Let $(X, x)$ be some 'nice' pointed topological space - e.g. a CW complex - and $[\alpha] \in \pi_n(X,x) $ some nontrivial homotopy class represented by a map $\alpha: S^n \to X$. Then there is a standard way to 'kill' this class $[\alpha]$ by modifying the space $X$ appropriately attatching a $D^{n+1}$-ball to $X$ along $\alpha$ forcing $\alpha$ to contract to a single point.
One obtains then a new space $X':= X \cup_{\alpha} D^{n+1}$ together with natural inslusion $\iota_X: X \to X'$. which induces maps $\iota_k: \pi_k(X,x) \to \pi_k(X',x)$ on homology groups which are isomorphisms for $k < n$ and surjective for $k = n$ with $i_n([\alpha])=0$. That's why this modification can be also called 'controlled killing' a homotopy class. 'Controlled' because up all $n > k$ homotopy groups not change. Higher homotopy groups on the other hand may change in highly nontrivial way, but that's 'the price we have to pay.' This is one of the main ingredients how the trunicated groups of Postnikov tower are constructed.
Question: Is it also possible to perform in similar manner a modification of $X$ but now with the goal to kill a homology class $[\beta] \in H_n(X,x)$ is similar 'controlled' way, ie by not to destroy 'too much' stucture of the homology group like in case above with homology.
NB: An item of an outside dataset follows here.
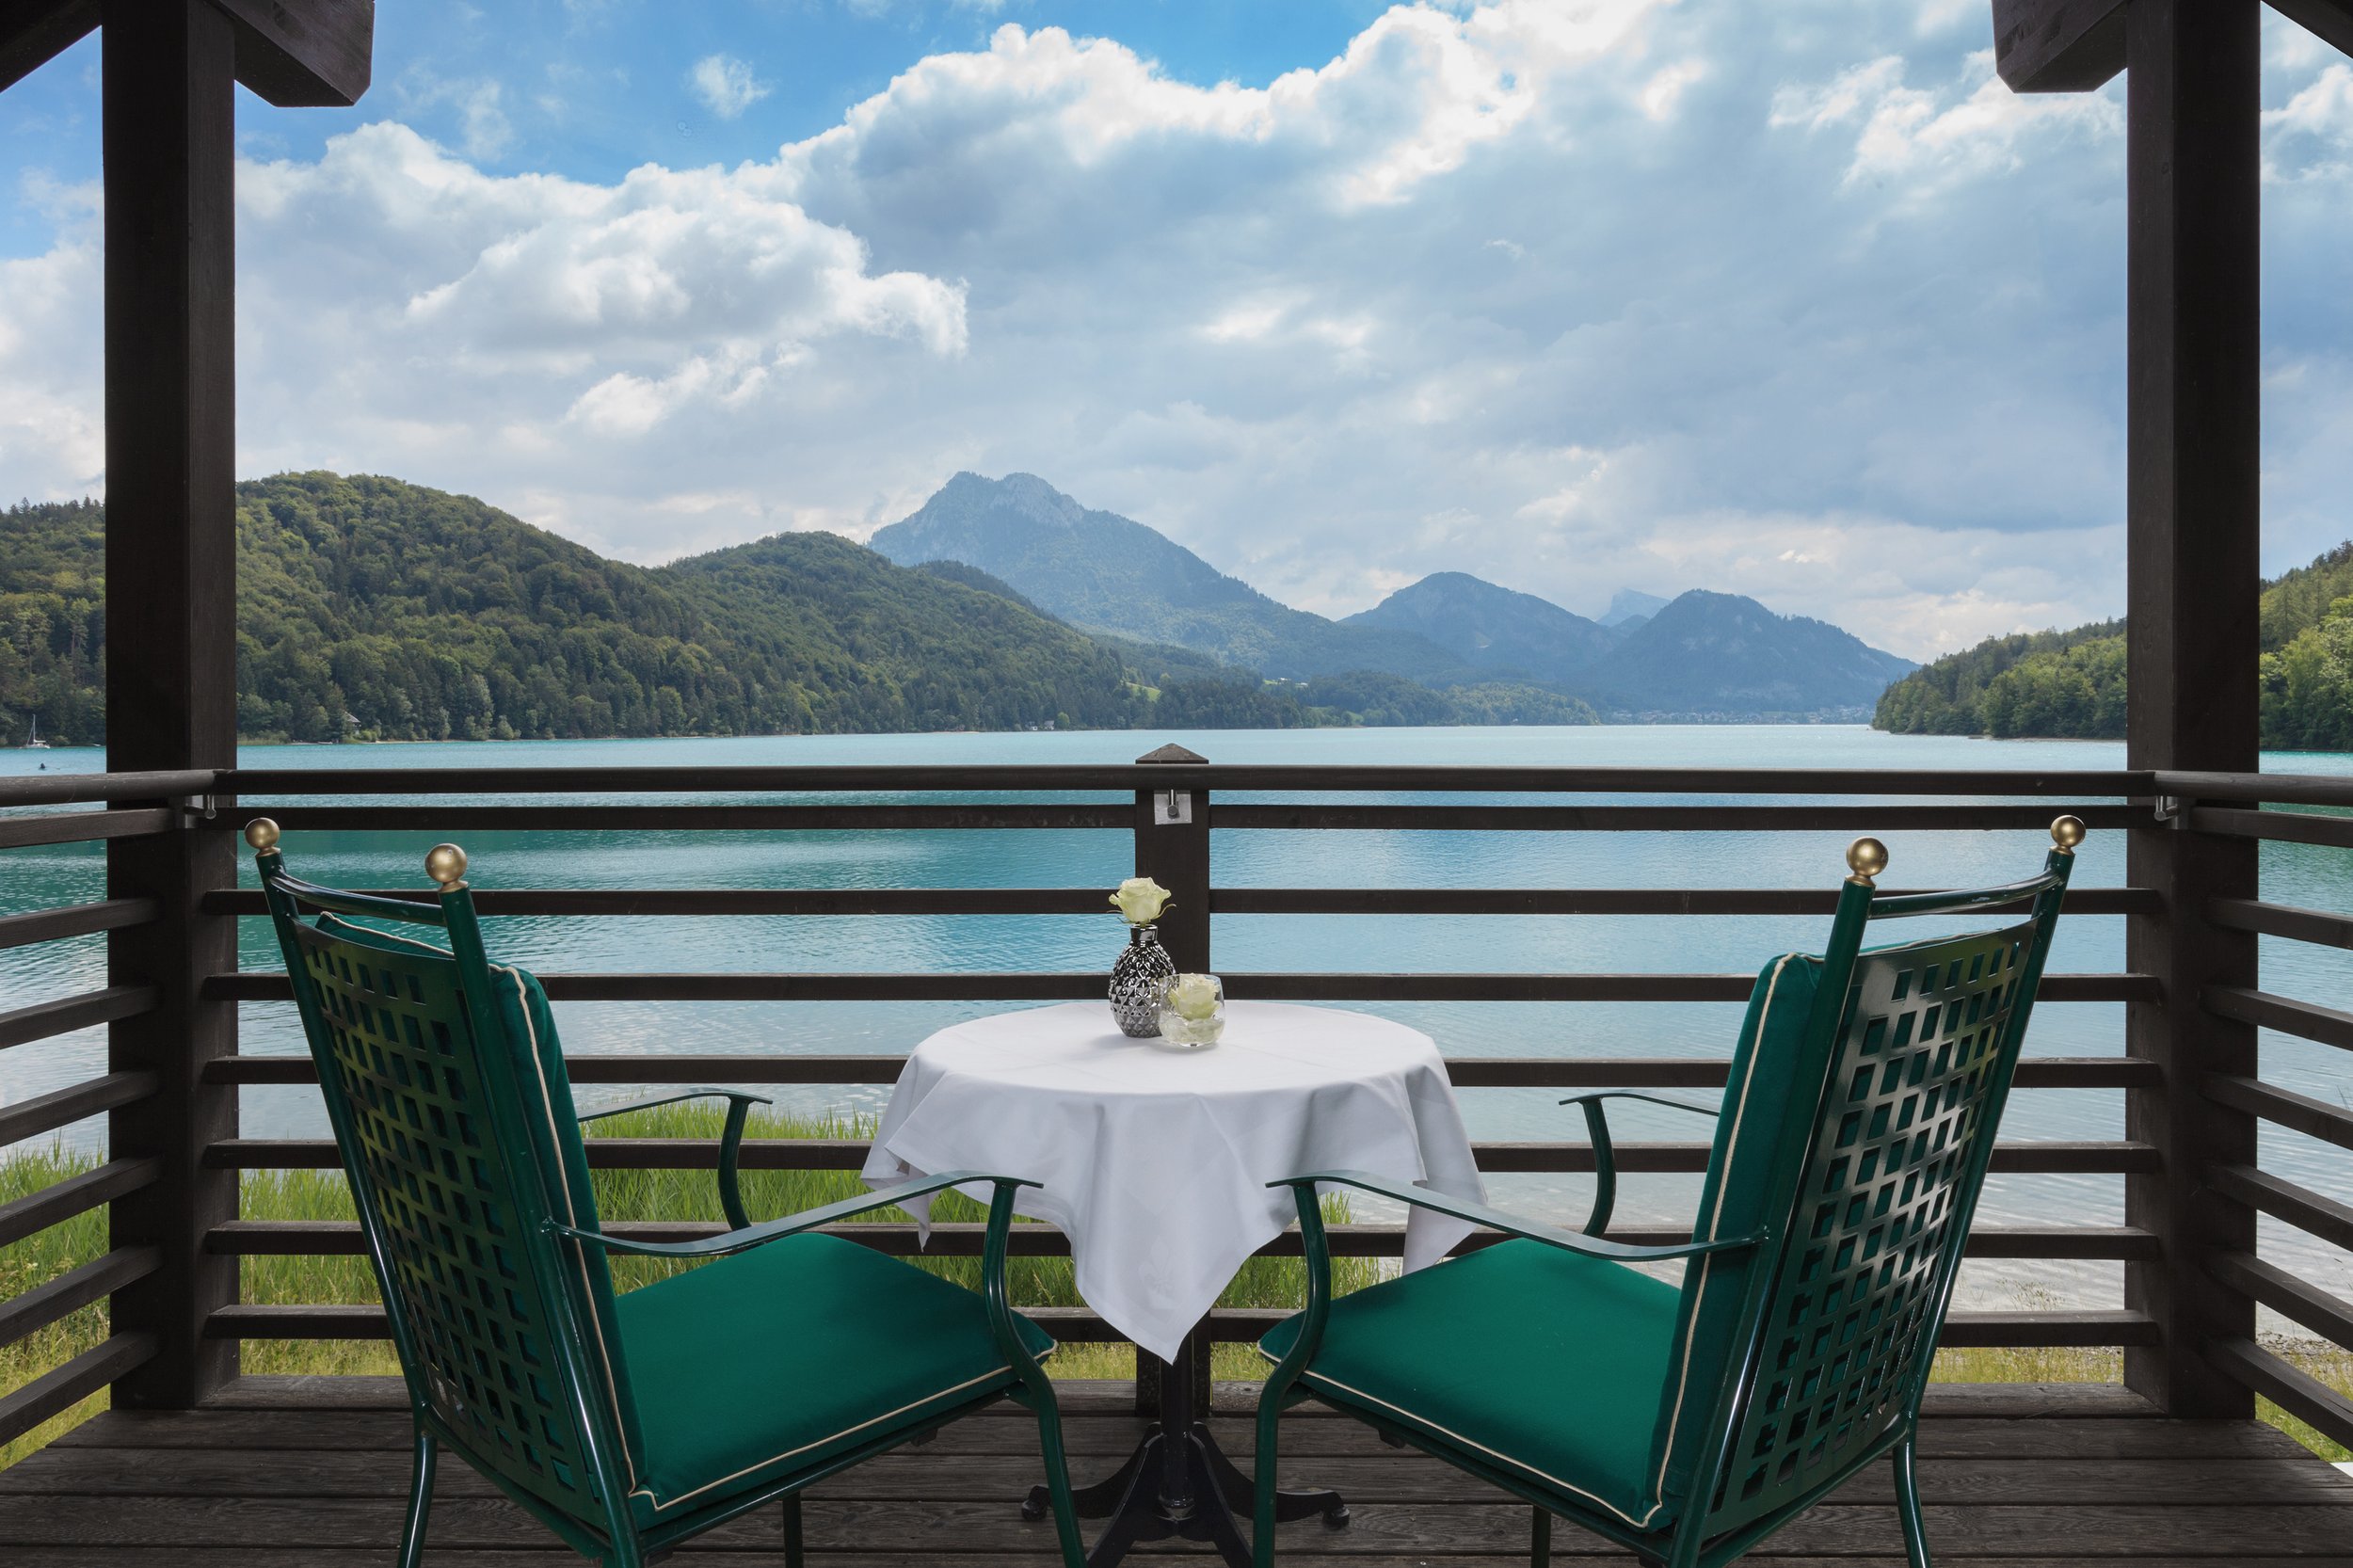 Dining overlooking Lake Fuschl at Schloss Fuschl, a hotel in the Marriott Luxury Collection in Salzburg, Austria
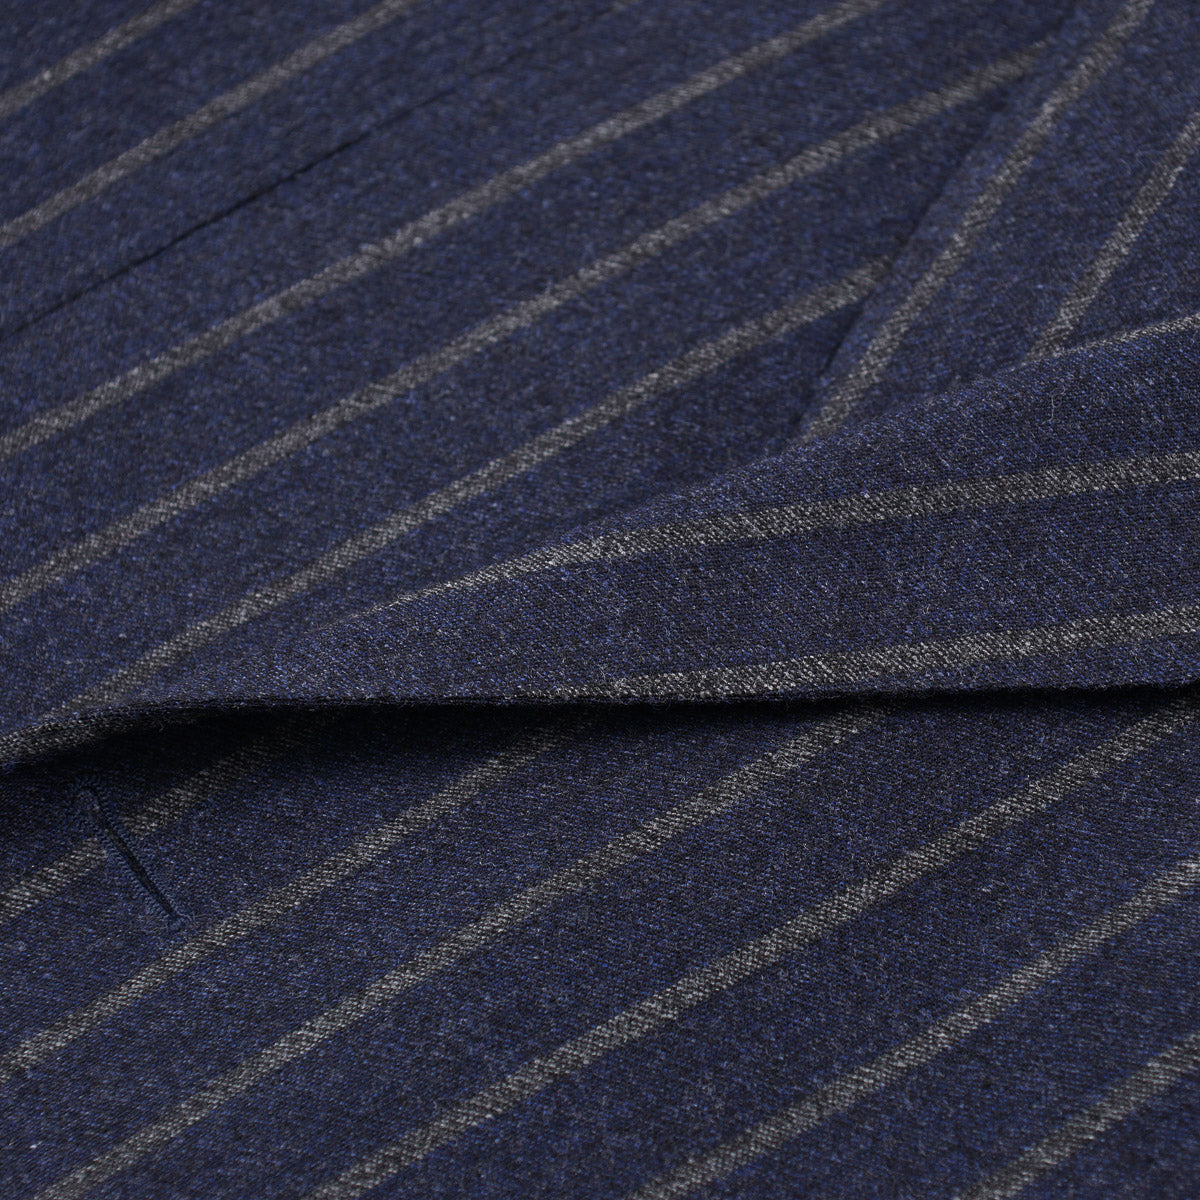 Sartorio Chalk Stripe Wool-Cashmere Suit - Top Shelf Apparel

More precisely I'm looking for a way to find a construction $m: X \to X'$ modyfying $X$ in the way that the induced maps on $m_k: H_k(X,x) \to H_k(X',x)$ such that $m_k$ are isomorphisms, $m_n$ is surjective and kills $[\beta]$.
Can it be done in a similar manner like for homotopy groups? The problem: Every homotopy class $[\alpha]$ can be represented by a map $\alpha: S^k \to X$ which can be killed by attatching geometrically a $D^{n+1}$ ball to $X$. In contract a class $[\beta] \in H_n(X,x)$ is a less geometrical object; it is represented by a formal sum of $n$-simplices $\sigma: D^n \to X$ with $\mathbb{Z}$-coefficients, modulo boundaries. So I not see how previous strategy could be applied here.